The Les Girls sign has stood at the same place basically unchanged until a few months ago, iconic. I remember when I first came across these videos I was living in an area of the city that was hardly developed and mostly dirt roads it was baffling. But aftwards I moved to the center of the city and it was baffling for the opposite reason, the storefronts and buildings were basically the same. Looking at the street view now and downtown also looks similar but a lot more trees.
Edit:
Looks like the author only has a reference to a subset of the originals on archive.org. There's tons more for more rural parts of SD you can find them on the city website:
Your color correction is incredible - the frames you selected look much better than the original video.
The matrix of vehicles is my favorite part. If you drive down these same streets today it's a sea of black, white and grey.
You'll be happy to know that Les Girls is still there today, advertising burlesque, go go dancers and "full nude". They finally replaced the sign earlier this year, but it still looks very much the same.
It is shocking how quickly California developed from agriculture to this, and how it basically stopped developing further after hitting this point. These photos could just as believably be van nuys in 2026. No wonder why we have a housing crisis. Progress and building to meet demand has been refused for almost 60 years.

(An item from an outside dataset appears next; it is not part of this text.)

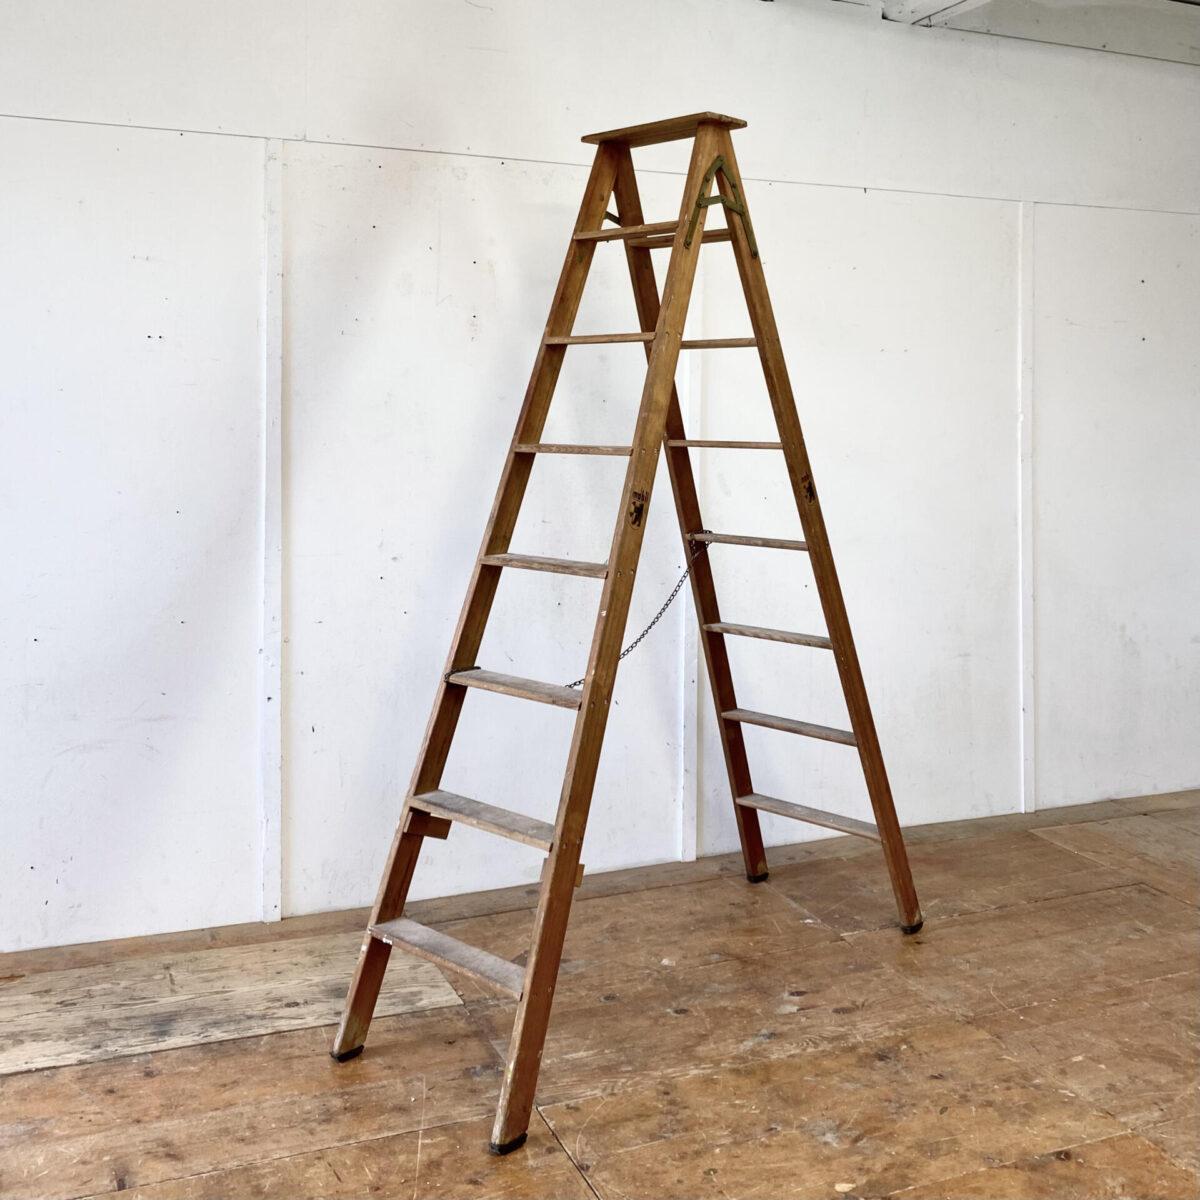 Alte Bockleiter aus Holz mit 8 Sprossen. Oberste Tritthöhe 200cm. Die Leiter ist in stabilem und noch Einsatz fähigem Zustand. Die Metallkette hat keine technische Funktion und kann auch abgenommen werden.

Color is magnificent and I can't believe we've lost so much joy on our relentless march to hyper-optimized profit. I recently read another article about how everything has gotten more monochrome, will try to find it again.
In scanning some slides from the 1970s, I was struck by the colors of the pants! Bright! Stripes! Fun! I sew shirts and gravitate towards bright prints, and everything tends to stand out because clothing in general doesn't seem as varied today.
EDIT - Found many articles along the same lines, some even with the same images. This isn't the original one that I was thinking about, but it is equivalent
I drove down Garnet and Grand so many times as a teenager on the way to the beach. Beings back a few memories. Most of that was thirty years ago, and the videos are from way earlier. But it's kind of interesting that some of it seems familiar.
I actually don't really think cities should be like that though. They should evolve more freely. No point in trying to explain it though.
Les Girls is still there. I chuckle every time I pass it on the way to the rehearsal space my band uses. I always suspected that it had been a bigger deal in some bygone era; glad to see that confirmed via photographic evidence.
I keep hearing that whole area is gonna be razed as part of the Midway/Sports Arena redevelopment, but I feel like as long as MCRD stays put, Les Girls will always have a home. LOL
By my reading of the map, it means that that Midway Rising will cover the Salvation Army store and everything west of it between Sports Arena and Kurtz St (including the current parking lots).
Of course, if/when Midway Rising does happen, it'll probably spark future developments..
Nice you could choose if you would like your gasoline with or without service
Still possible in some places. Especially cities with large numbers of retirees.
I used a full-service optional Shell station in Las Vegas last year. Unlike when I was young, full-service didn't mean in increase in the price of gas.
There are a few full-service stations around where I live. But you really don't need your oil checked when you get gas so unless the objective is to have someone else pump your gas in crappy weather there's not a not of point.
The commentary on hand-created signage was especially fascinating. The observations about the use of computers "enshitifying" design sort of eerily echo a lot of the commentary about AI now, including the (not unfounded) fear of the loss of human inconsistency, and the beauty it can bring.
Edit:
Looks like the author only has a reference to a subset of the originals on archive.org. There's tons more for more rural parts of SD you can find them on the city website:
https://www.sandiego.gov/digitalarchives/film-audio/street-v...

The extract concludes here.